Open janeyx99 opened this issue 8 months ago • 9 comments

Reported by Stas Beckman: attempting to use OffloadActivations seems to require a newer torch version?

$ python -c "from torchtune.training._activation_offloading import OffloadActivations"
Traceback (most recent call last):
  File "<string>", line 1, in <module>
  File "/home/yak/.local/lib/python3.10/site-packages/torchtune/__init__.py", line 38, in <module>
    from torchtune import datasets, generation, models, modules, utils
  File "/home/yak/.local/lib/python3.10/site-packages/torchtune/datasets/__init__.py", line 7, in <module>
    from torchtune.datasets import multimodal
  File "/home/yak/.local/lib/python3.10/site-packages/torchtune/datasets/multimodal/__init__.py", line 7, in <module>
    from ._llava_instruct import llava_instruct_dataset
  File "/home/yak/.local/lib/python3.10/site-packages/torchtune/datasets/multimodal/_llava_instruct.py", line 10, in <module>
    from torchtune.data._messages import ShareGPTToMessages
  File "/home/yak/.local/lib/python3.10/site-packages/torchtune/data/__init__.py", line 7, in <module>
    from torchtune.data._collate import (
  File "/home/yak/.local/lib/python3.10/site-packages/torchtune/data/_collate.py", line 12, in <module>
    from torchtune.modules.attention_utils import packed_block_causal_mask
  File "/home/yak/.local/lib/python3.10/site-packages/torchtune/modules/__init__.py", line 7, in <module>
    from .attention import MultiHeadAttention  # noqa
  File "/home/yak/.local/lib/python3.10/site-packages/torchtune/modules/attention.py", line 12, in <module>
    from torchtune.modules.attention_utils import _MaskType, _sdpa_or_flex_attention
  File "/home/yak/.local/lib/python3.10/site-packages/torchtune/modules/attention_utils.py", line 13, in <module>
    from torchtune.utils._import_guard import _SUPPORTS_FLEX_ATTENTION
  File "/home/yak/.local/lib/python3.10/site-packages/torchtune/utils/__init__.py", line 7, in <module>
    from ._device import (
  File "/home/yak/.local/lib/python3.10/site-packages/torchtune/utils/_device.py", line 19, in <module>
    from torch.nn.attention.flex_attention import BlockMask
ModuleNotFoundError: No module named 'torch.nn.attention.flex_attention'

janeyx99 avatar Apr 22 '25 16:04 janeyx99

or even:

python -c "from torchtune.modules import TiedLinear"

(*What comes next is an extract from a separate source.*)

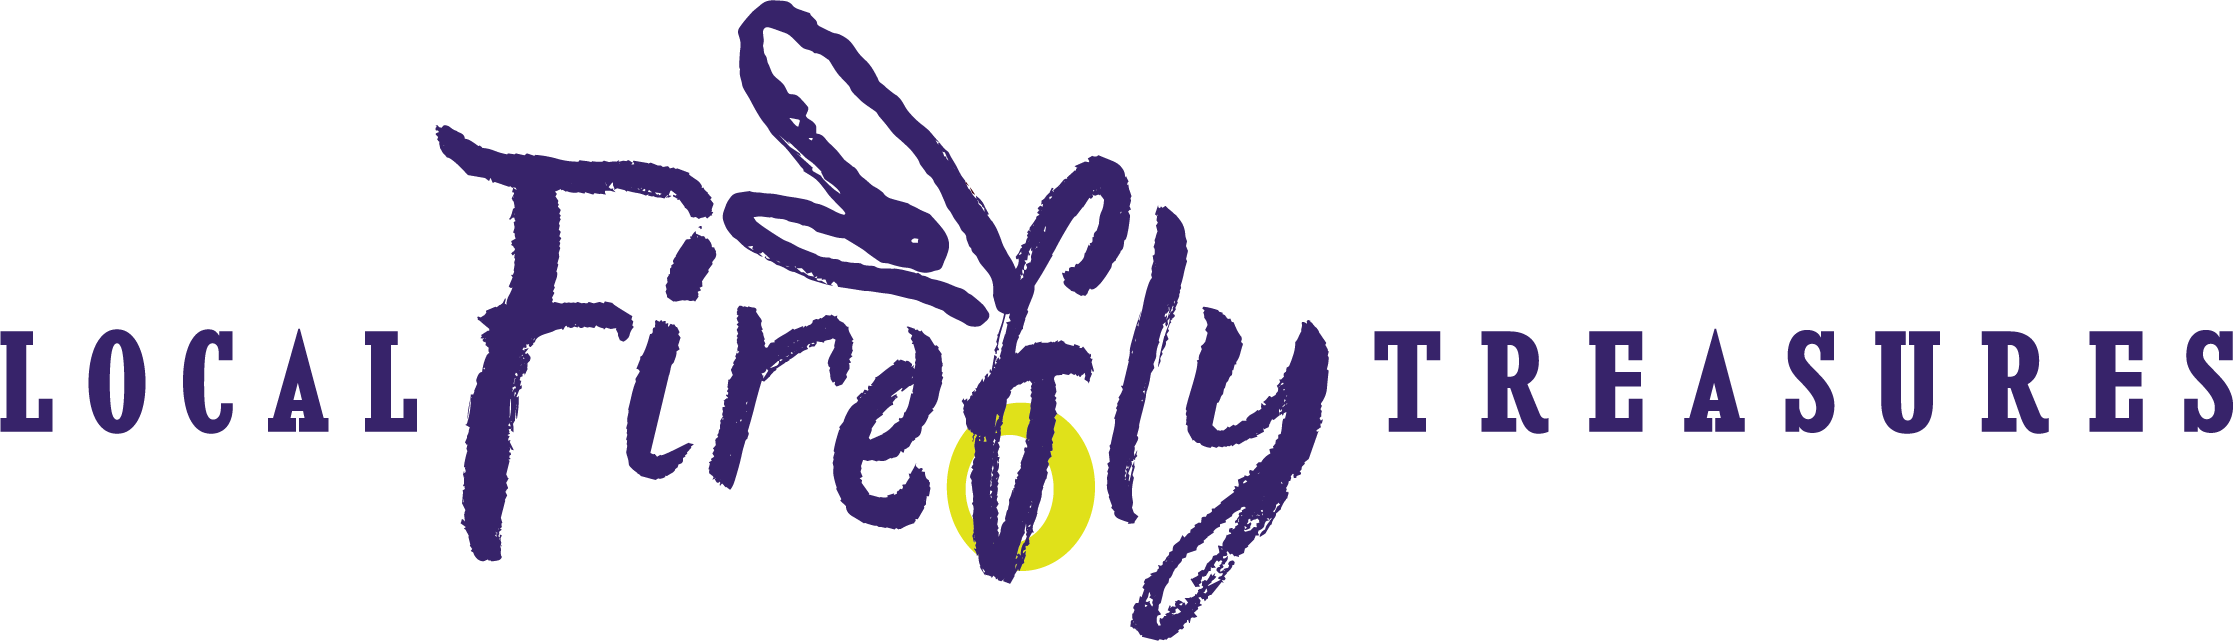 Firefly Local Treasures Logo - Firefly Local Treasures (2233x641), Png Download
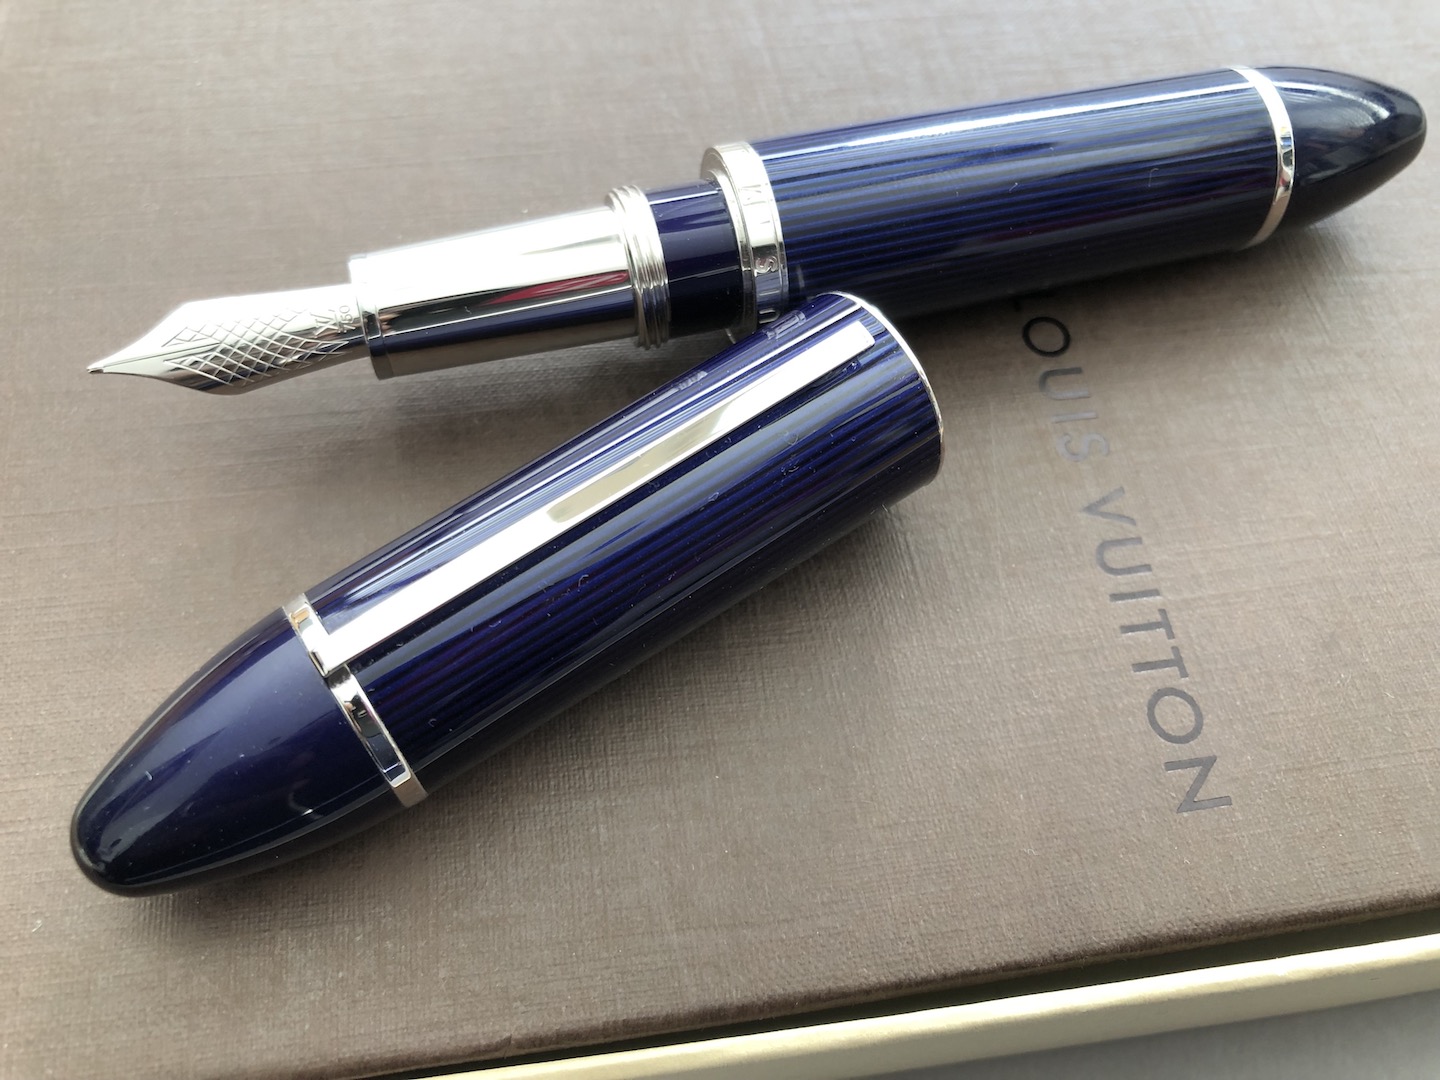 Sold at Auction: Louis Vuitton, LOUIS VUITTON FOUNTAIN PEN CARGO  COLLECTION. IN BLUE LACQUER WITH BLACK STRIPES AND PLATINUM PLATING DETAILS.

which is what's really needed to use torchtune.training._activation_offloading.OffloadActivations

I'm on pt-2.4 at the moment.

At the very least torchtune could say which min pytorch version it requires.

stas00 avatar Apr 22 '25 16:04 stas00

Ah apologies @stas00 ! We have a note here that says we only test on the latest PyTorch stable and PyTorch nightlies, but we should definitely make that more clear.

We make no guarantees that it works for older versions of PyTorch, so you'll likely need PyTorch 2.6+.

joecummings avatar Apr 22 '25 17:04 joecummings

@stas @janeyx99 Can this be closed with #2627 and #2626 ?

joecummings avatar Apr 22 '25 18:04 joecummings

Understood!

Would it too difficult to do a runtime check for pytorch version in __init__.py and tell the user if there is a mismatch and what exact version is required?

I don't think the website doc is a good place to list required versions, the doc isn't there when the code fails.

For context: I wasn't trying to use torchtune, but just torchtune.training._activation_offloading.OffloadActivations - Jane and I were discussing her work on the pytorch slack and I wanted to try it out.

stas00 avatar Apr 22 '25 18:04 stas00

Understood!

Would it too difficult to do a runtime check for pytorch version in __init__.py and tell the user if there is a mismatch and what exact version is required?

I don't think the website doc is a good place to list required versions, the doc isn't there when the code fails.

For context: I wasn't trying to use torchtune, but just torchtune.training._activation_offloading.OffloadActivations - Jane and I were discussing her work on the pytorch slack and I wanted to try it out.

Makes sense, we can definitely throw a warning if we detect the PyTorch version is older than the latest stable.

joecummings avatar Apr 22 '25 19:04 joecummings

The failing code because the version is wrong will not have a warning next to it explaining to the user what is wrong.

Therefore an assert would be by far more superior than a warning.

warnings can't be seen when there are thousands of them, an assert is needed when a user doesn't have the env right.

stas00 avatar Apr 22 '25 19:04 stas00

I can definitely understand where you're coming from and for the most part, when we detect that a certain feature is only available after a specific version, we do attempt to gate it - see here.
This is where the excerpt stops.